Hope everyone in my little readership had a great Thanksgiving. I went to a friend of a friend’s house here in San Juan and had a great evening. I forgot how quickly you can connect with strangers and have a good time if you’re open-minded to the moment. I’ve done a few Thanksgivings and one Christmas with families I’d never met, and every experience exceeded expectations.
This week is an exciting one with me needing to pull myself out of my recent cave-like lifestyle (I don’t know how I’ve gotten this pale living in a tropical paradise) and get ready for a half-week in St Barths. Jeff and Ashleigh are coming to San Juan Tuesday, and then we leave for St Barths the following day. I have this hazy vision of myself building an impeccable island wardrobe in the future… but I’m not there yet. Jeff and Ashleigh are always stylish, so it’s a wakeup call for me to cut this slop of hair on my head, and buy a pair of pants or two. I’ve been to St Barths once, and you can technically get away with wearing shorts and flip flops to restaurants, but you really don’t want to. It’s a hope of mine to visit the rest of the Carribean over the next few years, but I’m pretty sure St Barths is the fanciest place. I’m looking forward to some awesome French food and seafood, and even more so spending time with my friends.
In the spirit of Thanksgiving I wanted to talk about a few things I’m thankful for. Off the top of my head I’m thankful for my family and friends. I’ve made an effort to be more communicative with both groups (texting or calling), and I’m very thankful I have regular contact with the people I love. Too many people to reference, but I’ll make an exception for my girlfriend Johanna who’s been in my life almost daily for over 7 years now.
Over the years, especially since I’ve changed careers and the city I live in so many times, I have met many great people that I’ve lost touch with. I appreciate the time I spent with them though, and am thankful for how they’ve educated and inspired me.
I’m very thankful that I’ve come full-circle with my work and am back into trading. I’ve had many mental hangups over the years about pursuing work that is essentially a large multi-player game with money as the score, but I’ve learned to appreciate the artistry and inventiveness within the game. I also am appreciative that it allows my rag-tag collection of skills that I’ve built over my adult years to shine. Even in the months when I feel like I didn’t get anything new done, I usually realize that I tested several new strategies and made improvements to my current ones. I read something a while ago about having an aptitude for something is just being able to do the work that other people find too boring/won’t do, and I guess in trading I’m able to slog through a fair amount of work without it being too bad.

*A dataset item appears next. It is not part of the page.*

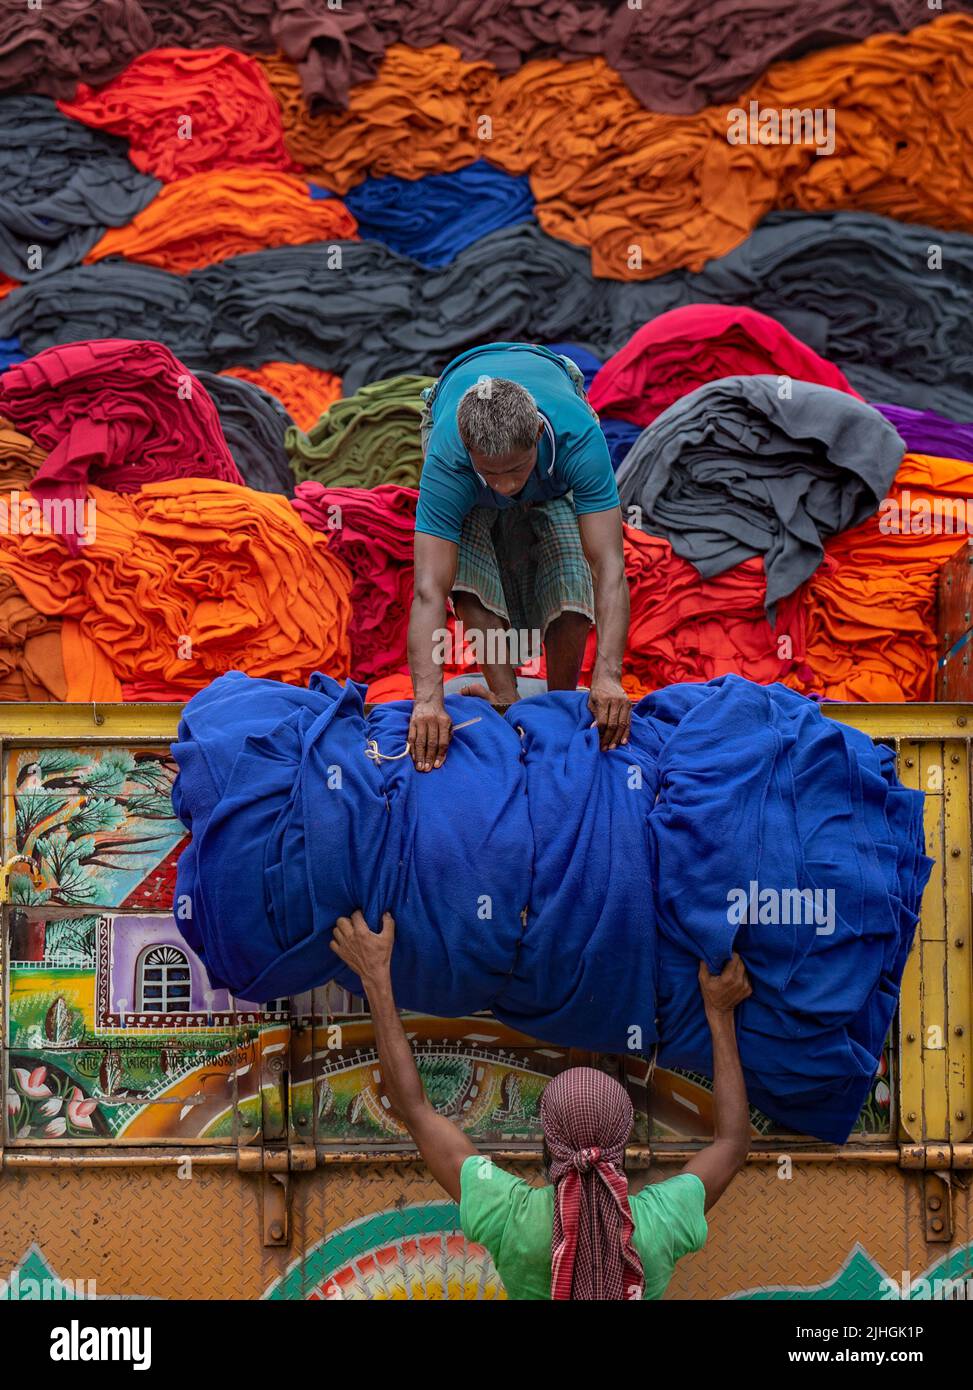 Le coperte colorate vengono caricate sui camion dai lavoratori. Industria tessile in Bangladesh Foto Stock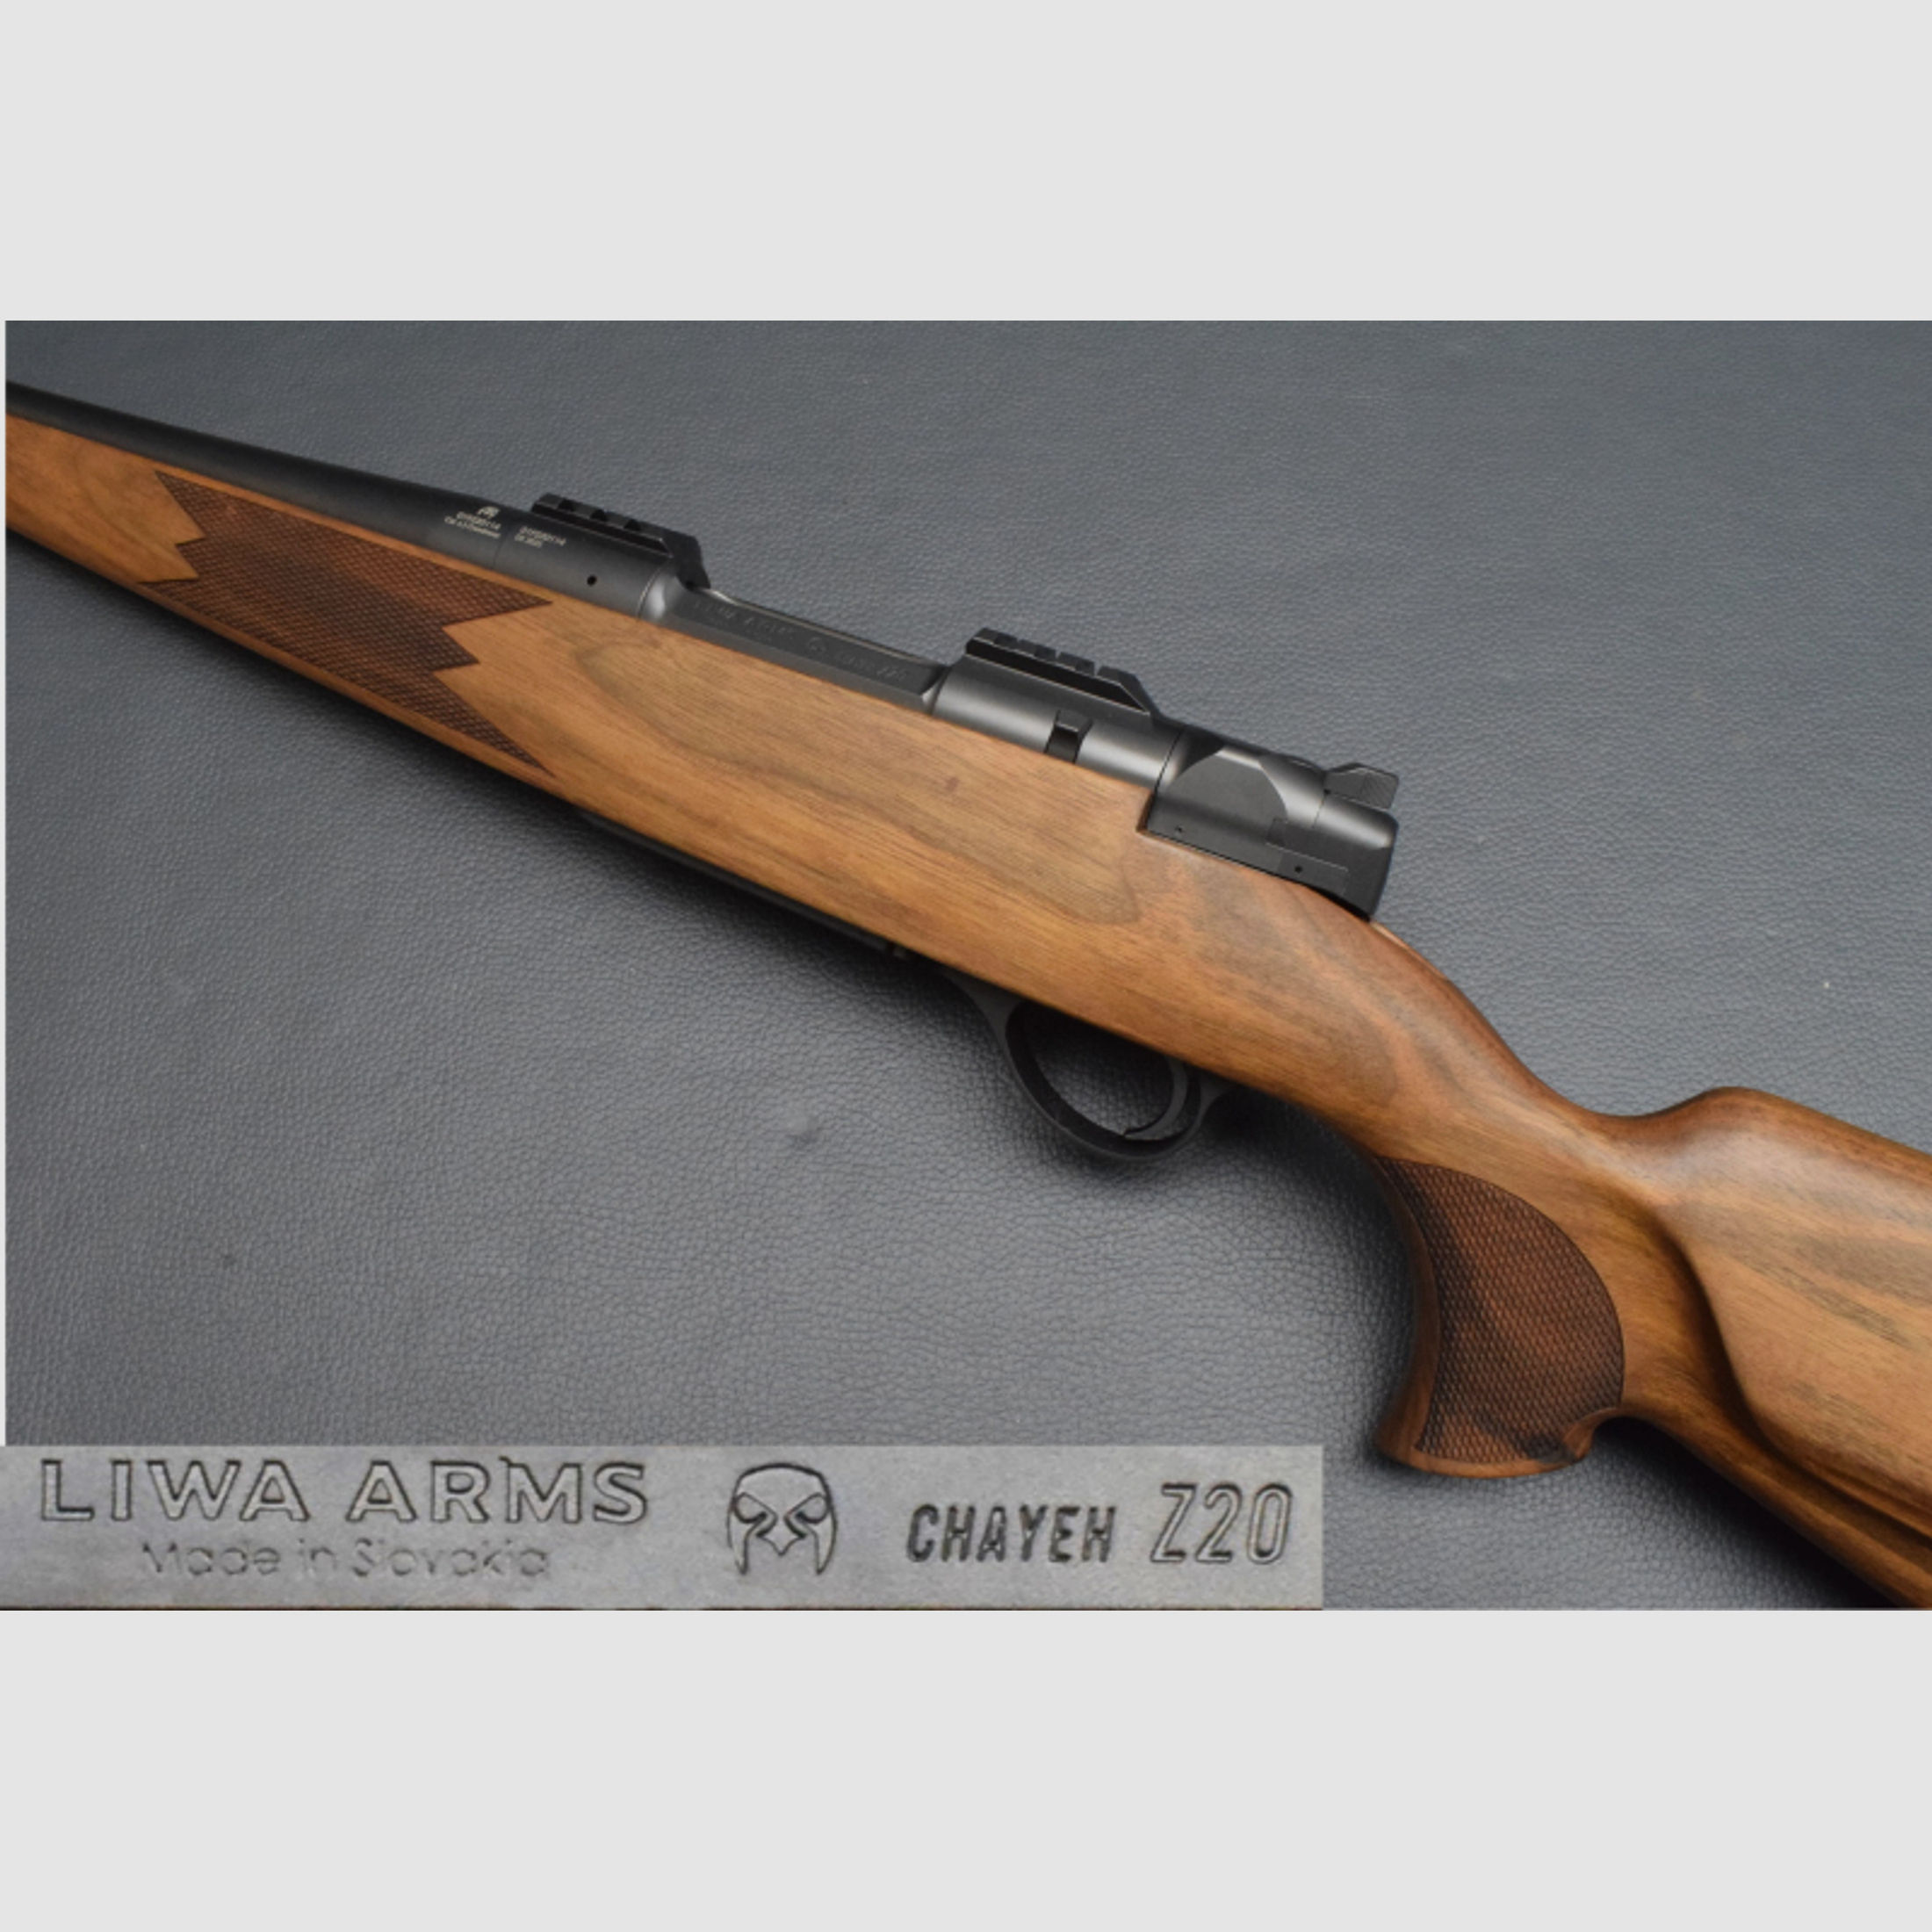 Liwa Arms Mod.Chayeh Z20, Kaliber 6,5 Creed. 47cm Kurzlauf mit M15x1, Geradezug, Neu zum Sonderpreis

I’m thankful for setting up my home-base in Puerto Rico. It still feels surreal that with Act 22 I’m able to legally pay $0 in taxes on my trading gains (although I have to give $5,000 a year to charity here, which I’d be happy to do anyway). My trading accounting can get complicated, so it’s a relief to not have to worry about it. Besides the enormous tax advantage, without which I wouldn’t have thought of settling down in PR, I really enjoy living and working here. It’s December 2nd, and it’s 85 degrees Fahrenheit. When Jeff and Ashleigh come here tomorrow we can swim in a warm ocean, and I never have to worry about needing warm clothes (except inside the office or movie theater). I’m also able to live comfortably without a car, and only need to Uber a few times a month. Living walking distance to all of my regular life things (gym, office, groceries, movie theater, beach, restaurants, coffee) frees up a ton of time, and I enjoy walking while listening to an audiobook.
Finally, I’m thankful for the minimum viable lifestyle that I have, and still improving upon. I don’t need lots of excitement and constant change (although I do still get a fair amount, especially dealing with trading), and I’m getting better at simplifying my days. I’m not on a hedonistic treadmill, and I’m not stuck in a rough lifestyle patch that I hope someday improves. I still have material things I want and goals to go after, but my normal daily existence gives me everything I want and need. Have a great week!